▸ **Source data**:
□ □ □ □ □
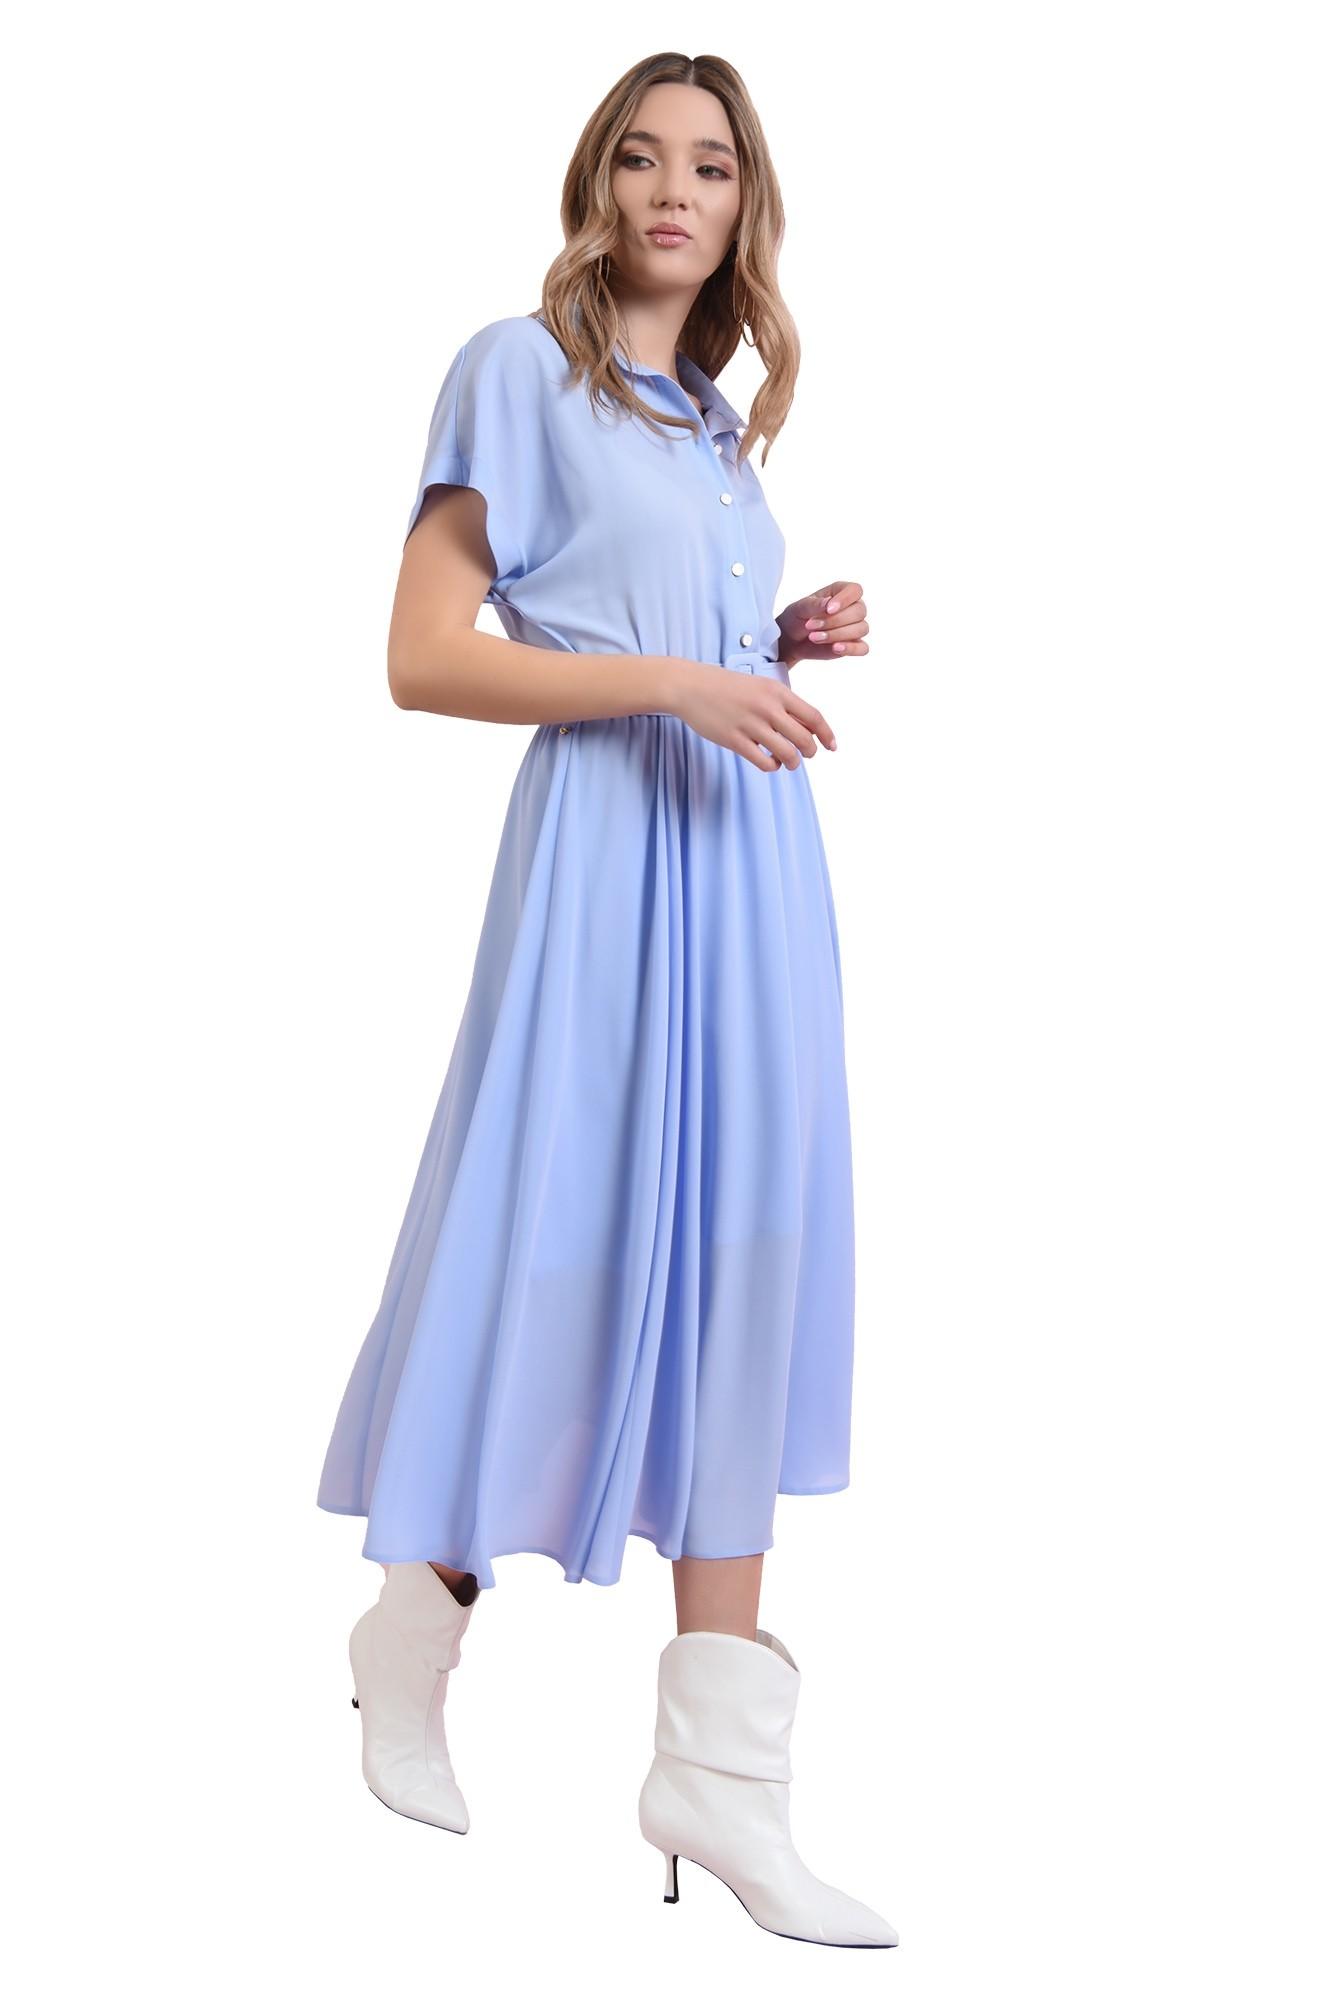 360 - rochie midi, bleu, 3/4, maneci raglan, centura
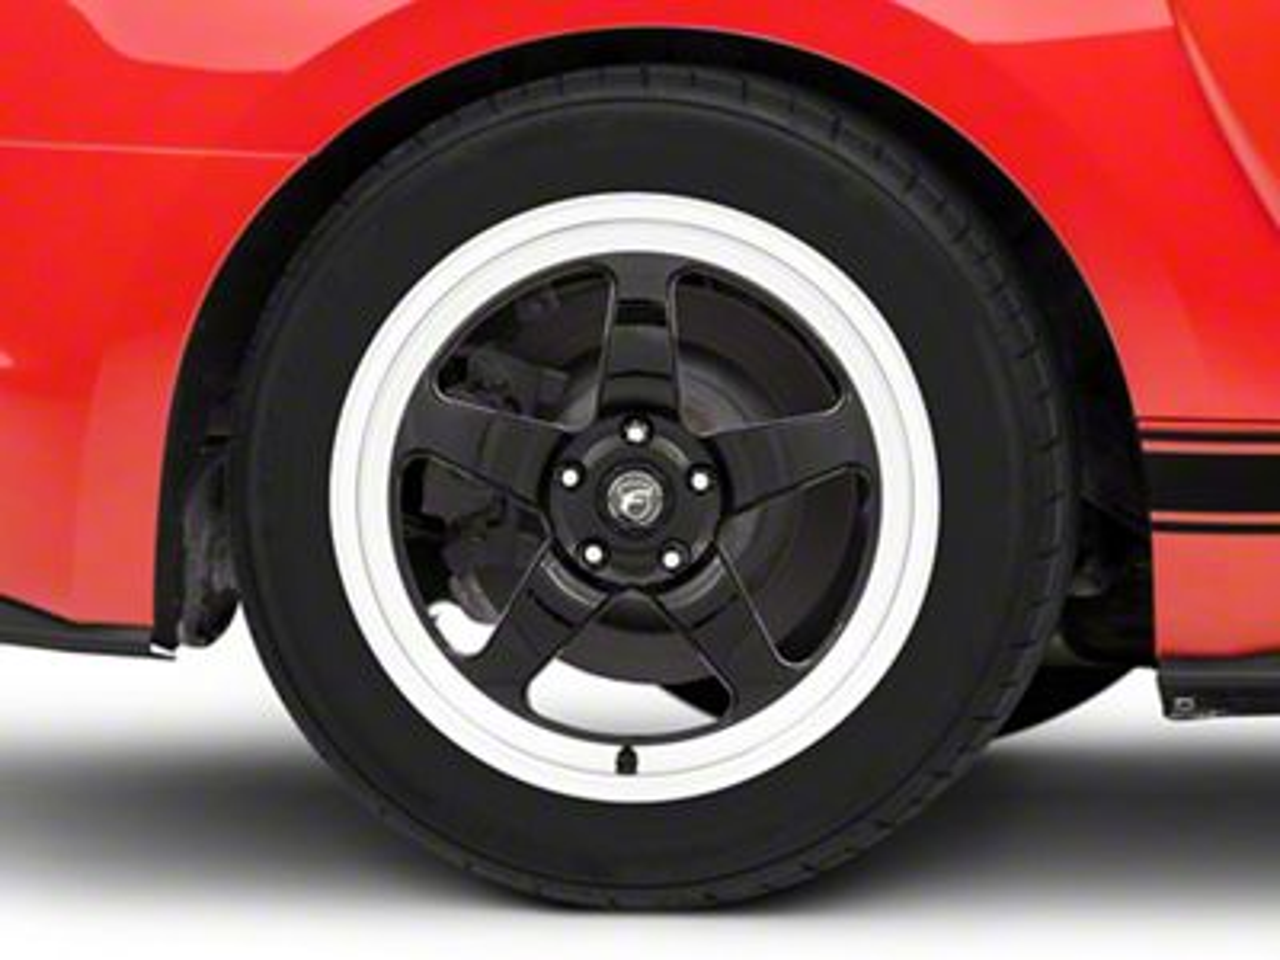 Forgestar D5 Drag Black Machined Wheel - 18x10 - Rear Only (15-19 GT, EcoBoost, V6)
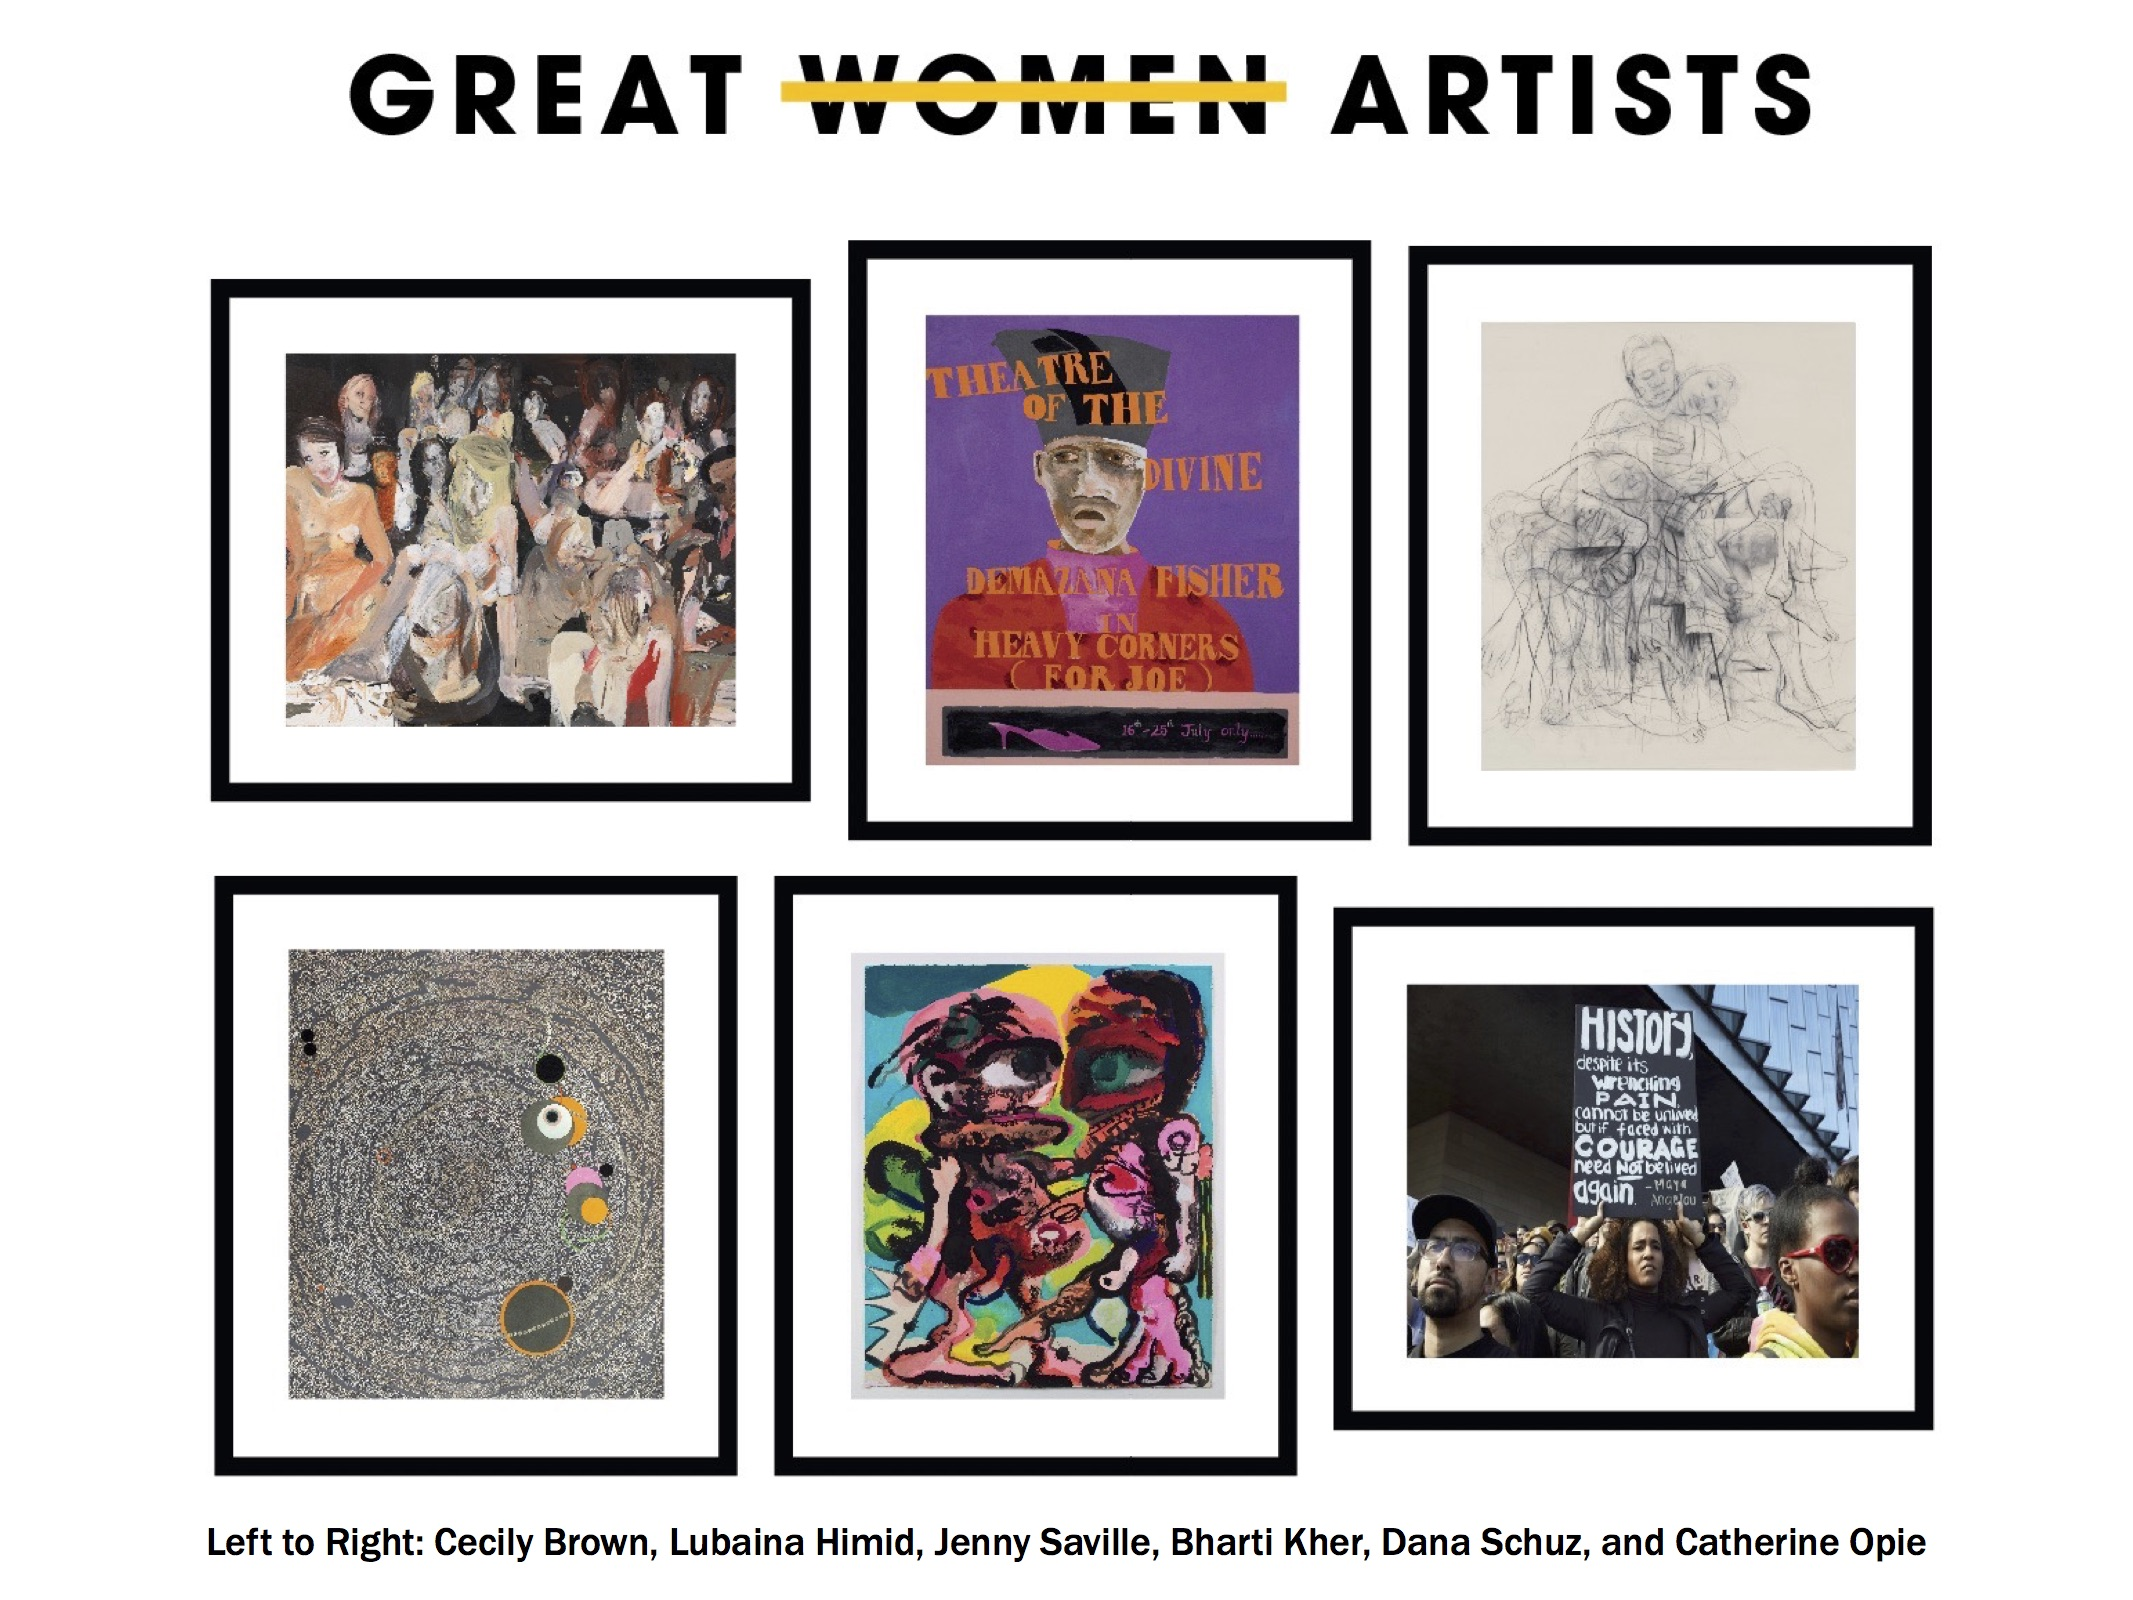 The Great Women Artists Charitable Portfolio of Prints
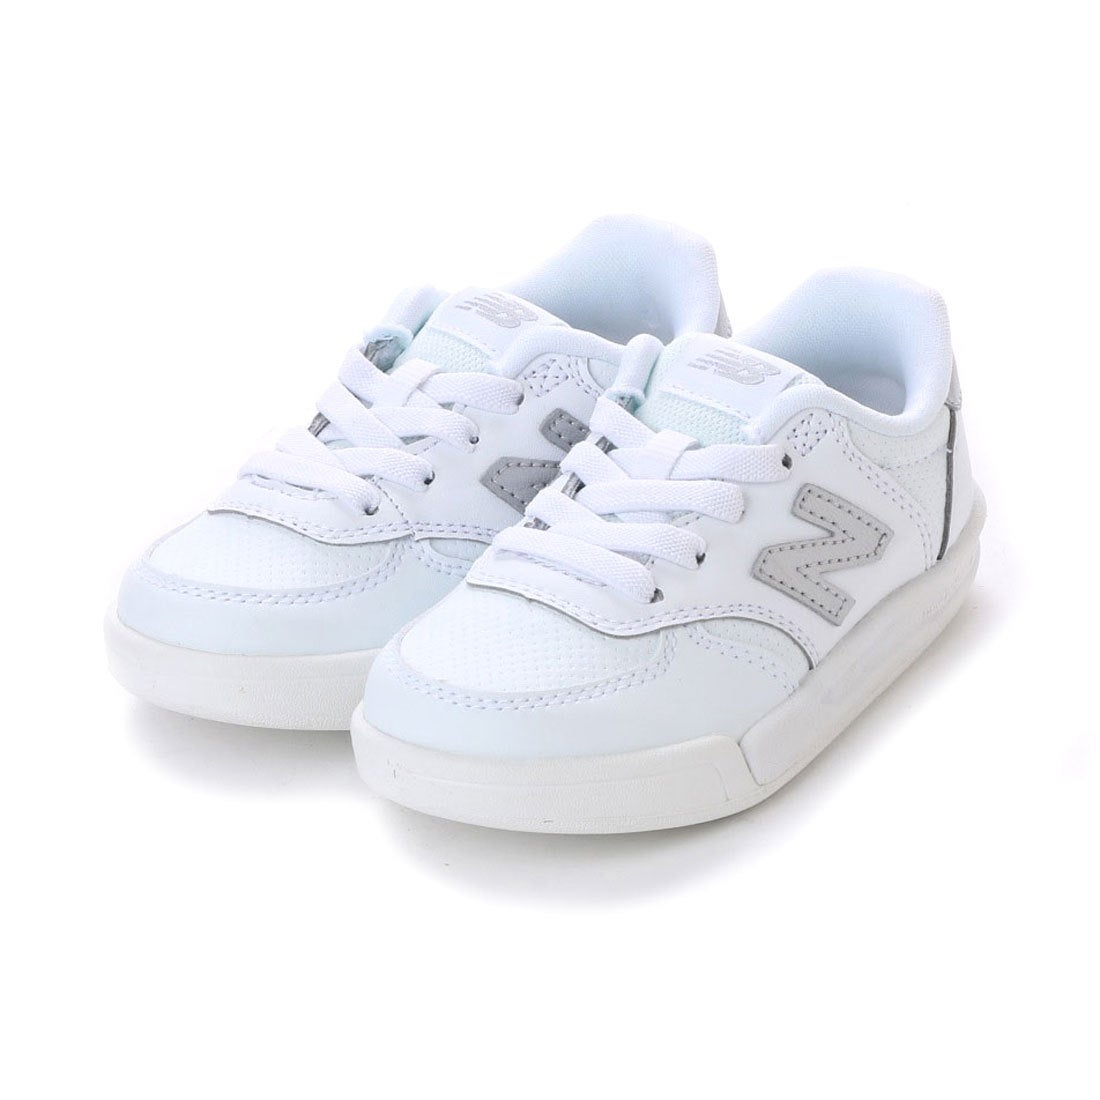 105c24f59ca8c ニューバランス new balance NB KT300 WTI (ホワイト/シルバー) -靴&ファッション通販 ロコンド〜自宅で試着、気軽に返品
□ □ □ □ □
▸ **Exercise brief**: An exact copy of the whole listing is required, minus the pictures.

▸ **Answer**:
 360 - rochie midi, bleu, 3/4, maneci raglan, centura
 Forgestar D5 Drag Black Machined Wheel - 18x10 - Rear Only (15-19 GT, EcoBoost, V6)
 The Great Women Artists Charitable Portfolio of Prints
 105c24f59ca8c ニューバランス new balance NB KT300 WTI (ホワイト/シルバー) -靴&ファッション通販 ロコンド〜自宅で試着、気軽に返品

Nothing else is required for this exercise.